Stratego LLM is a research framework designed to evaluate the strategic reasoning and behavioral characteristics of Large Language Models (LLMs) in an imperfect-information game setting.
Unlike static benchmarks, this project pits models (e.g., Mistral, Gemma, Llama, Qwen) against each other in the board game Stratego to analyze dynamic performance. The primary goal is to determine which model performs better by measuring:
Win Rates & Dominance: Quantitative analysis of Win/Loss/Draw ratios across 100+ match simulations.
Behavioral Profiling: Classifying models as Stable (consistent, rule-abiding) vs.

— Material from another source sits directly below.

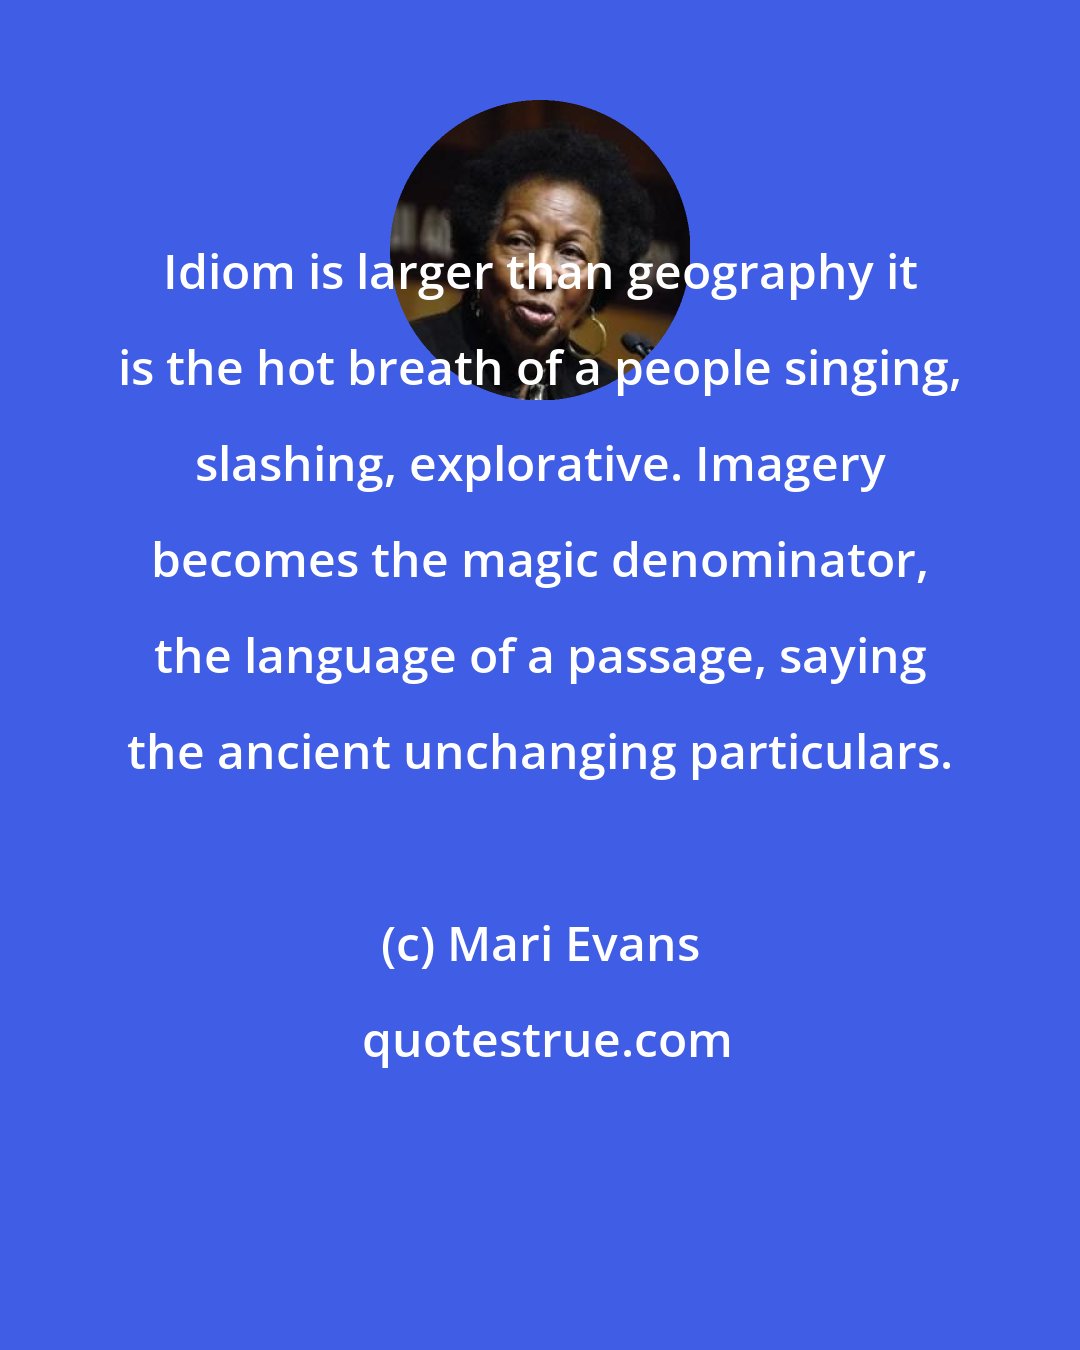 Mari Evans: Idiom is larger than geography it is the hot breath of a people singing, slashing, explorative. Imagery becomes the magic denominator, the language of a passage, saying the ancient unchanging particulars.

Aggressive (high attack frequency, risky plays).
Efficiency: Measuring time-to-move and token consumption to determine the "cost of intelligence."
Strategic Consistency: Analyzing how often models hallucinate invalid moves versus making logically sound decisions.
The system includes an automated arena for batch matchmaking, a custom logger for dataset creation, and a prompt-optimizer that refines strategies based on match outcomes.
Follow these steps to set up the development environment on your local machine.
- Git: Ensure Git is installed.
- Python: Python 3.8+ is recommended.
- Clone the Repository Clone the project to your local machine (e.g., in VS Code).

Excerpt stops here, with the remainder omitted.